Девушка лет восемнадцати, такая же маленькая и темнокожая, как и ее мать, появилась в дверях вместе с Исааком, чья рука лежала на ее плечах. У нее были покрасневшие глаза, как будто она плакала или только что пробудилась от сна. Сейчас она переживала тяжелые времена.
— Это ты? — почти прошептала она, увидев резко выделяющиеся черты лица незнакомца.
— Конечно, — сказал Доро и улыбнулся.
Звук его голоса, подтвердивший, что это и на самом деле Доро, вызвал новые слезы. Она подошла к нему, негромко всхлипывая, будто надеясь обрести облегчение в объятиях его рук. Он обнял ее и взглянул через ее плечо на Исаака.

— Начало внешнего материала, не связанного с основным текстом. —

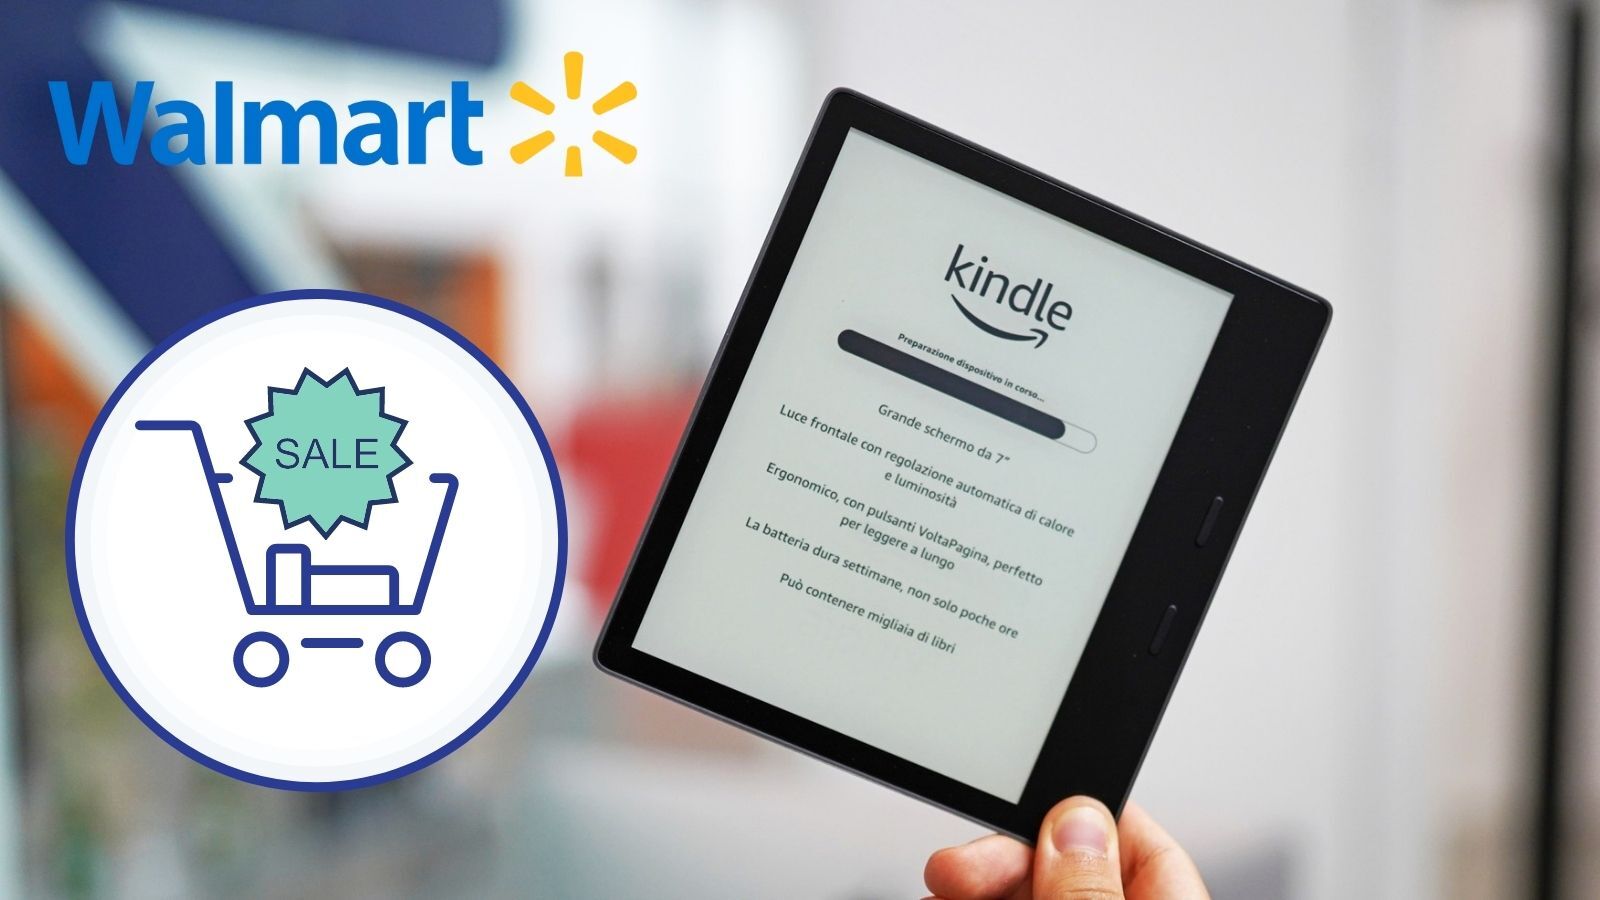 Does Walmart Sell Kindle Readers? (All You Need to Know)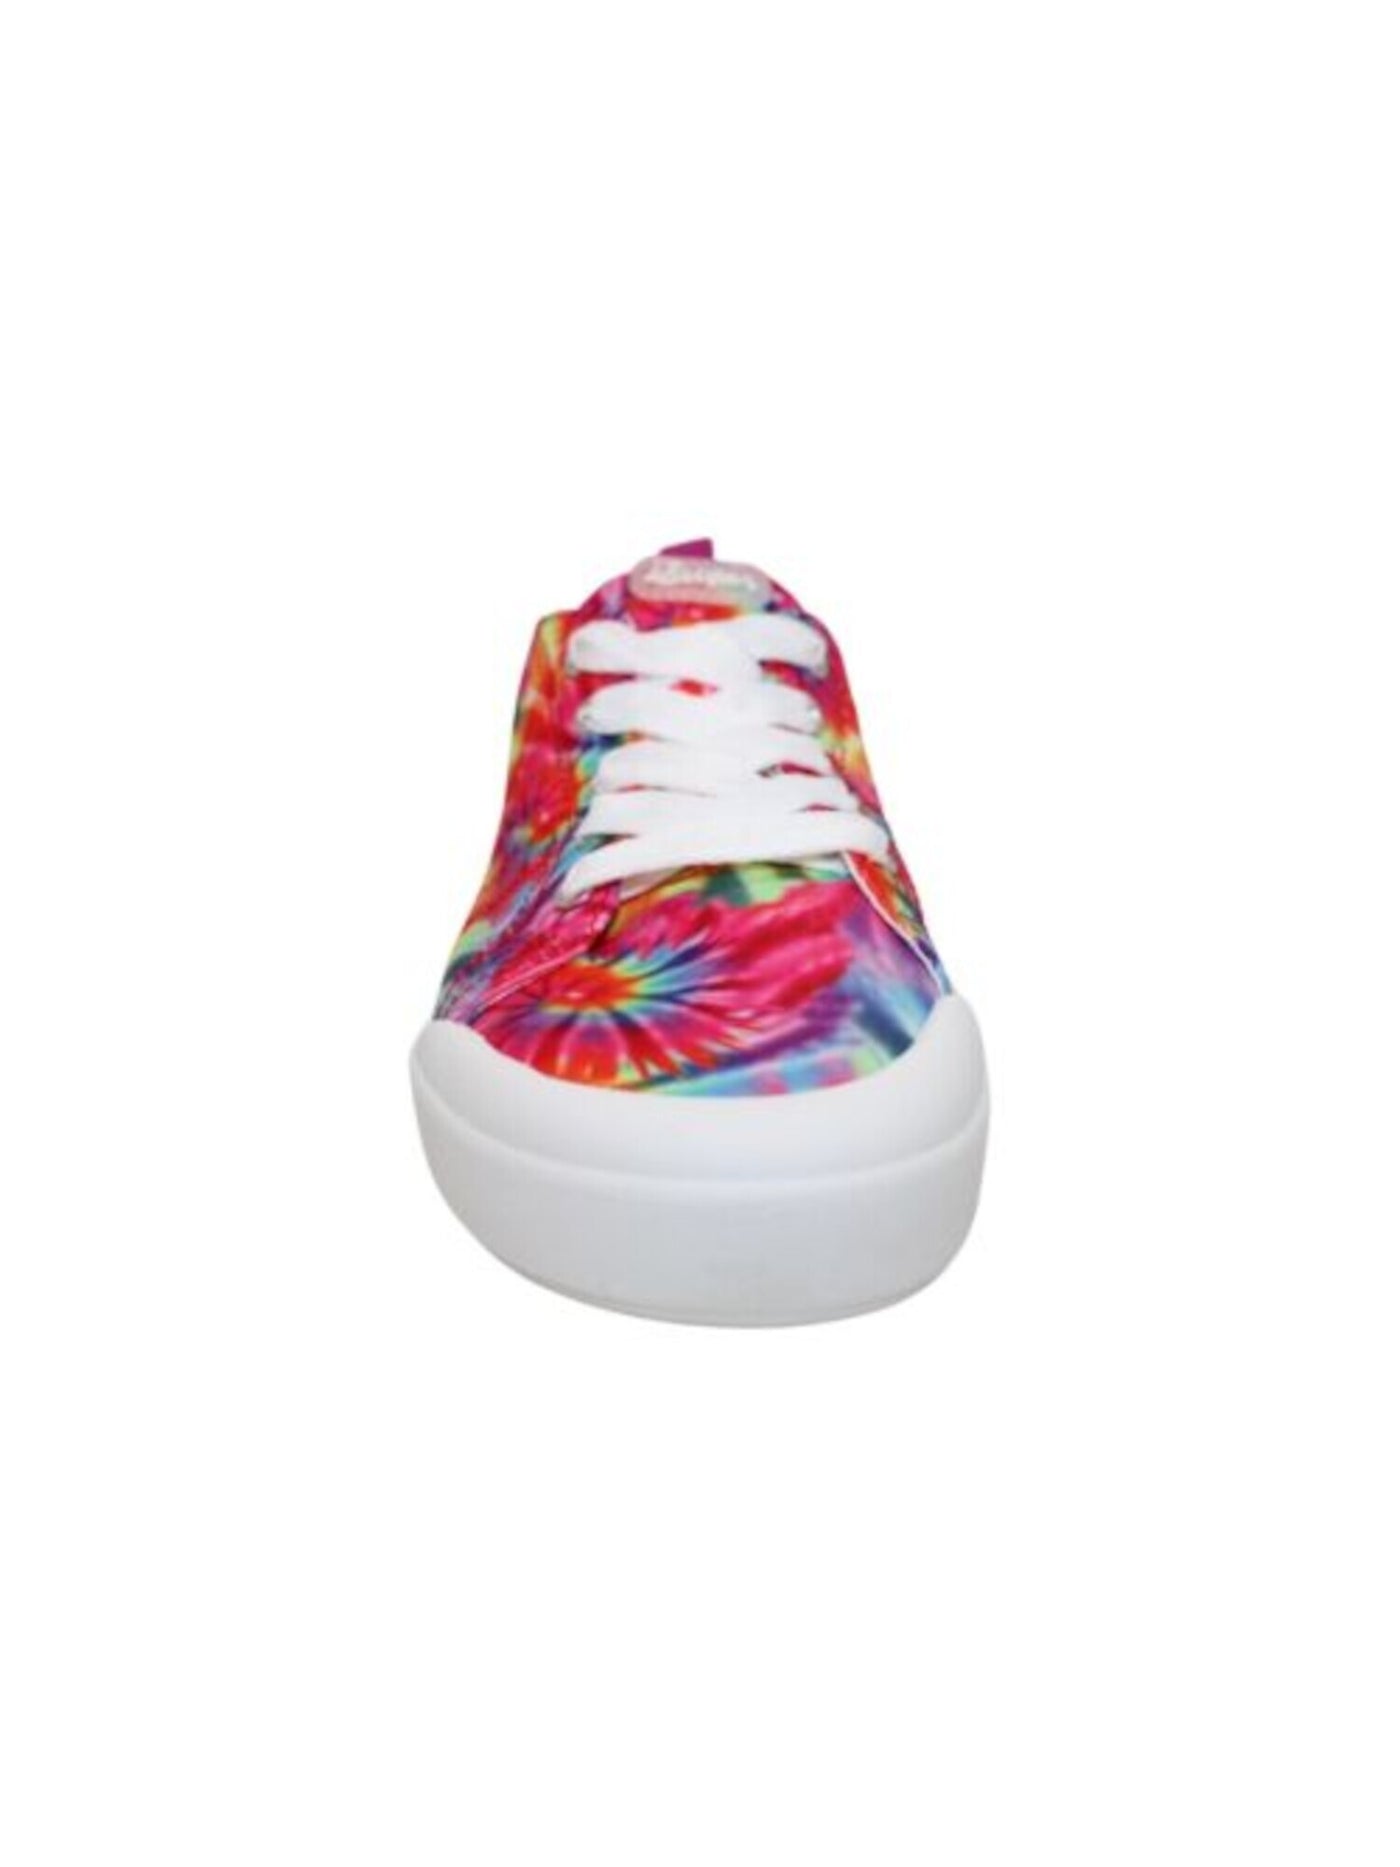 SUGAR Womens Pink Tie Dye Cushioned Festival Round Toe Platform Lace-Up Athletic Sneakers Shoes 10 M

— Все, что бы ты ни сказал мне, я заслужил, — сказал Исаак. — Я не хотел замечать происходящего, и вот теперь должен получить за это сполна. Я должен получить за все, что случилось за эти годы.
Доро промолчал, знаком показывая ему выйти из комнаты.
Исаак молчаливо подчинился. Возможно, он ощущал себя виноватым гораздо больше, чем следовало. Эта девочка была необычной. Никто из ее братьев или сестер не мог бы почувствовать Доро на расстоянии нескольких миль, несмотря на все их безрассудство, связанное с близостью переходного возраста. Какие чувства охватывали Доро при этом? Забота, и в большей степени беспокойство. Это были какие-то неопределенные ощущения, связанные скорее не с ее переходным возрастом, а с тем, что она стояла на краю чего-то такого, надвигающегося на нее, с чем она еще никогда не сталкивалась. Что-то новое. Это было похоже на то, как если бы, находясь в Нью-Йорке, он мог ощущать присутствие еще одной Энинву — новой, отличавшейся от прежней, еще более пленяющей и влекущей. Еще ни разу в жизни он не следовал своему чувству с таким желанием.
Девушка чуть шевельнулась в его руках, и он подвел ее к стоявшей возле камина скамье с высокой спинкой. Эта узкая скамья была почти столь же неудобна, как и деревянные стулья. Уже не первый раз Доро интересовался, почему Исаак и Энинву не купят или не сделают более современную и удобную мебель. По крайней мере, они могли хотя бы попытаться.
— Что происходит со мной? — прошептала она, склонив голову ему на плечо. Но даже при такой близости Доро едва мог ее слышать. — Это очень беспокоит меня.
— Потерпи немного, — просто ответил он. — Это кончится.
— Когда! — Ее голос сорвался на крик, а затем вновь на шепот. — Когда?
— Скоро. — Она чуть отстранилась от него, так что он смог заглянуть в ее маленькое лицо, набухшее и изможденное от слез. Цвет ее лица был скорее серым, чем густо-коричневым. — Тебе удается поспать?
— Немного. Иногда. Эти ночные кошмары… только мне кажется, что это и не кошмары вовсе, не так ли?
— Тебе лучше знать, что это такое.
Она откинулась на высокую спинку скамьи.
— Ты знаешь Дэвида Уиттена, он живет через два дома от нас?
Доро кивнул. Этому молодому человеку было двадцать. Весьма подходящий материал для разведения породы. Его семья должна стать весьма полезной в следующих поколениях. У них была определенная чувствительность, которая беспокоила Доро. Он не мог заранее сказать, кем они могли стать, но те ощущения, которые он получал от их присутствия, его радовали. Они являли собой очень приятную загадку, которая могла бы разрешиться при дальнейшем очень тщательном разведении этой породы путем близкородственных браков.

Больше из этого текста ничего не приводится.